Informatica Data Privacy Management
Last Updated: 21st May 2020
Mutable Award: Gold 2020
Informatica Data Privacy Management is a data-centric privacy, governance and security solution that is focused on discovering and classifying sensitive data to understand how it moves around the organisation, where it may be located from a geographical perspective, who owns the data, and which people and processes access that data. In short, to manage privacy risks in a comprehensive, integrated, solution. The product shares a common metadata platform with Informatica Enterprise Data Catalog (EDC) as well as the Informatica Axon data governance offerings. These solutions have many of the same cataloguing capabilities as Informatica Data Privacy Management. Informatica also provides format preserving encryption as well as both static and dynamic data masking, which are used to protect sensitive data. The company also offers encrypted archival capabilities. For consent management, you can use the company’s MDM offering for consent mastering, and Informatica also partners with both OneTrust and TrustArc.
Specifically for discovering sensitive data the product supports relational databases in the cloud or on-premises, applications such as Salesforce and SAP R/3, Amazon S3, ETL processes (limited to Informatica, Microsoft SSIS and Cloudera Navigator and Atlas), file systems and both SharePoint and OneDrive. However it is less of a primary focus area – it is not alone in this – when it comes to unstructured and NoSQL data sources. For example, it is limited to supporting Hive and HDFS at present, though the company plans to support Cassandra in version 6.0 (the current release is 5.1) and BigQuery.
Customer Quotes
“Before we embarked on this journey, we didn’t have a clear view of sensitive data. Now, with Informatica, we can see and manage our entire universe of information. This capability is a game-changer, and it’s enabling us to take a proactive approach to data protection that is helping to strengthen customer trust in our services.”

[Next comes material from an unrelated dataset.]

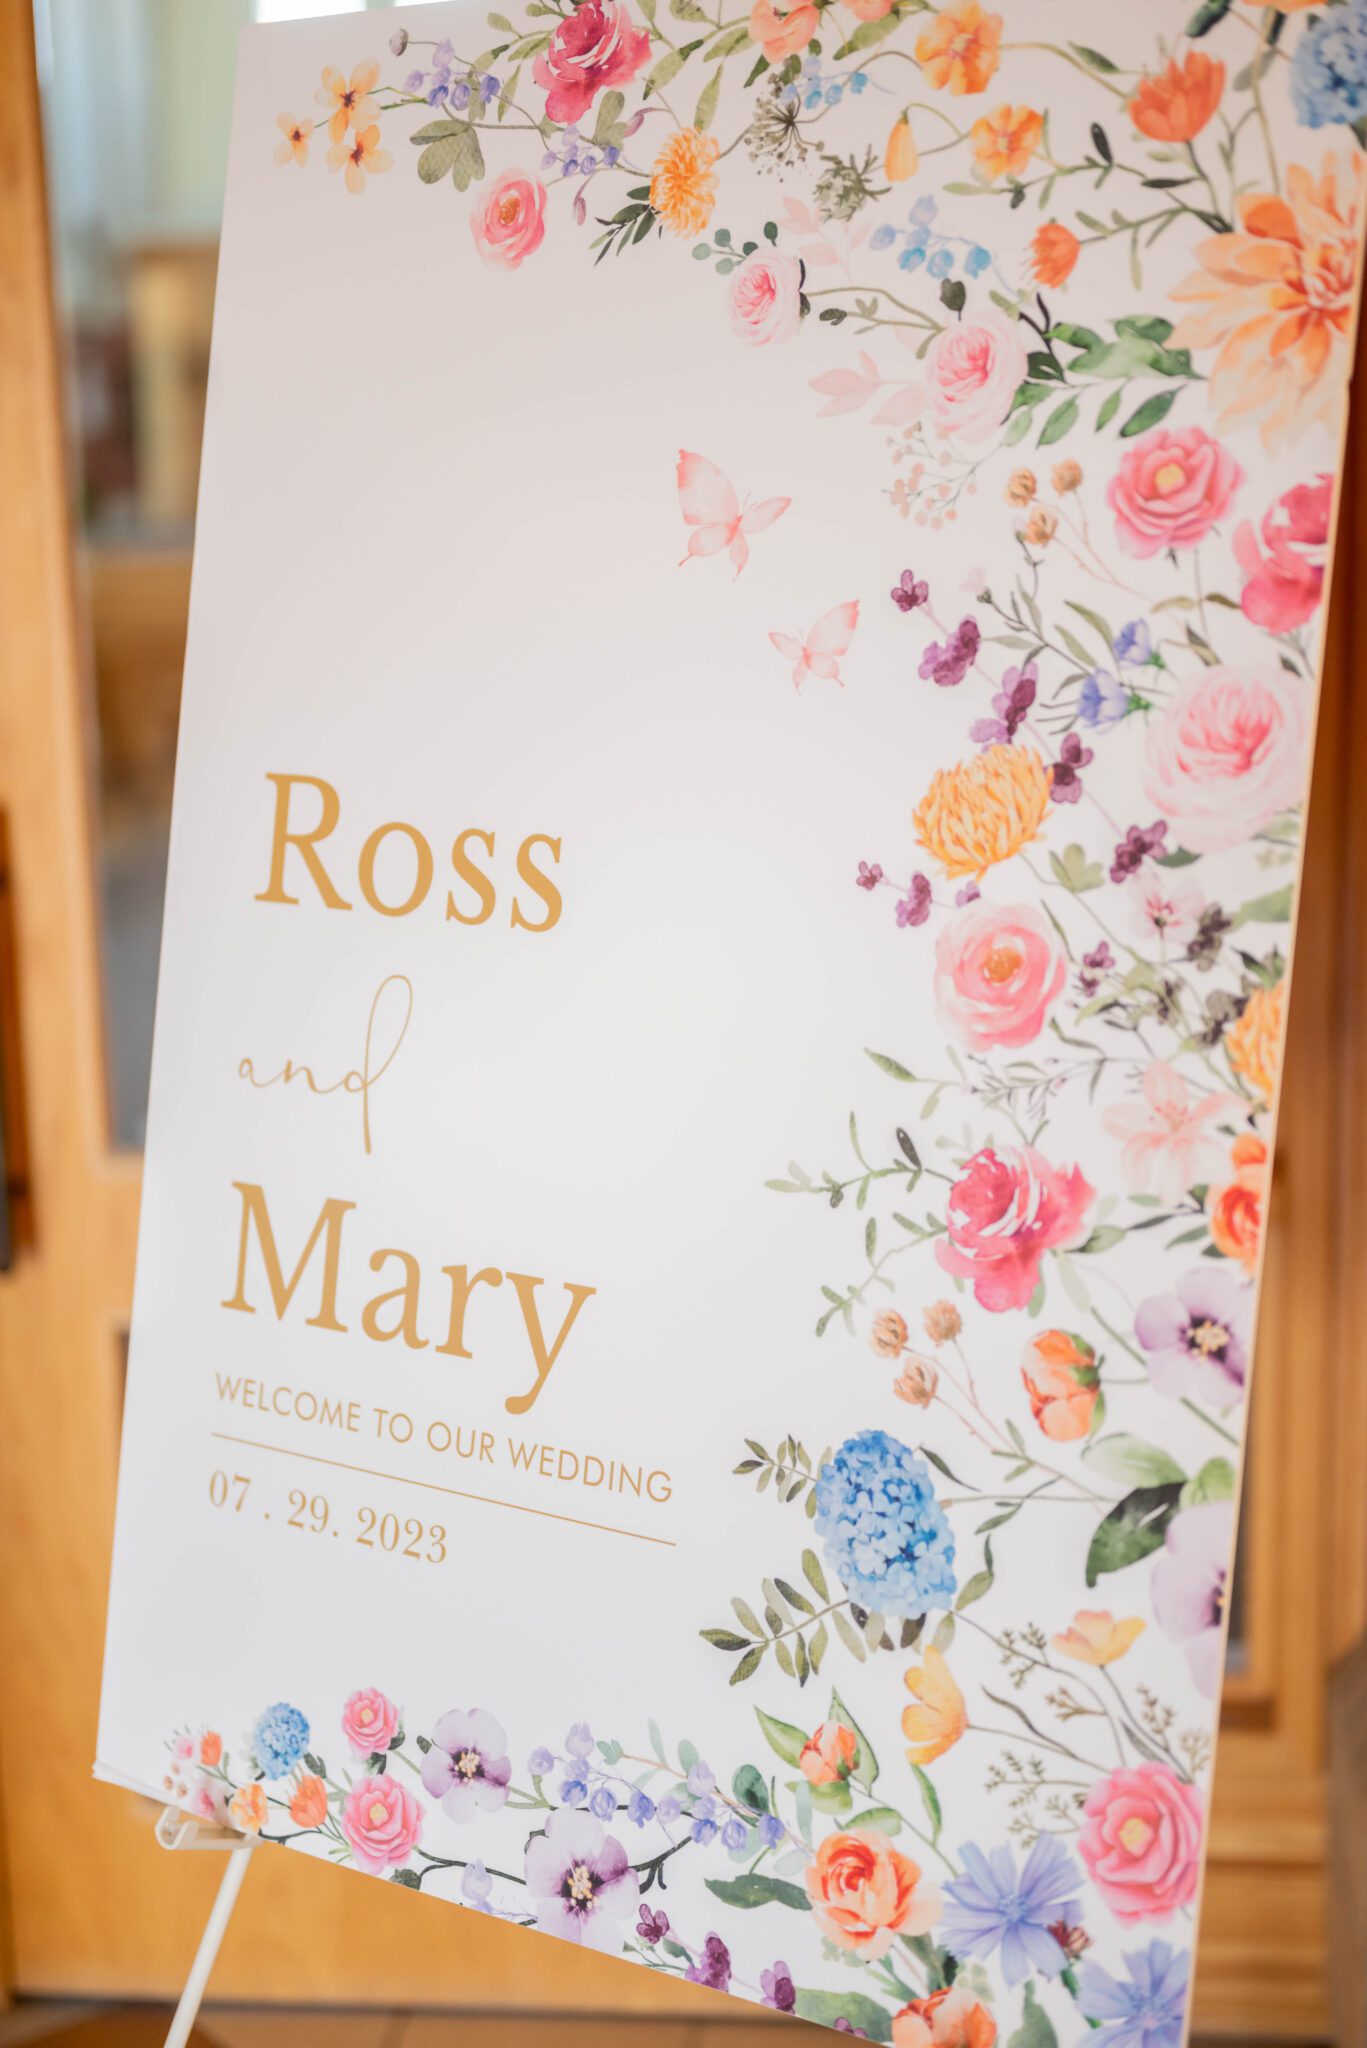 Floral-patterned custom welcome wedding sign at the front of the ceremony church location, whimsical garden wedding.

Financial Services Company
Considered holistically, Informatica’s approach is that you start by creating actionable data privacy policies (integration with Axon – see Figure 1 – from which you can overlay policies into Informatica Data Privacy Management). Then, discover and classify your sensitive data; uncover and map “identities” to data (that can be used to support data subject rights requests under regulations such as the GDPR and CCPA); analyse the risks posed by sensitive data so that you can prioritise your protection plans; protect the data (masking and other techniques); respond to rights and consent requests; and, finally, be able to track and report on all of this.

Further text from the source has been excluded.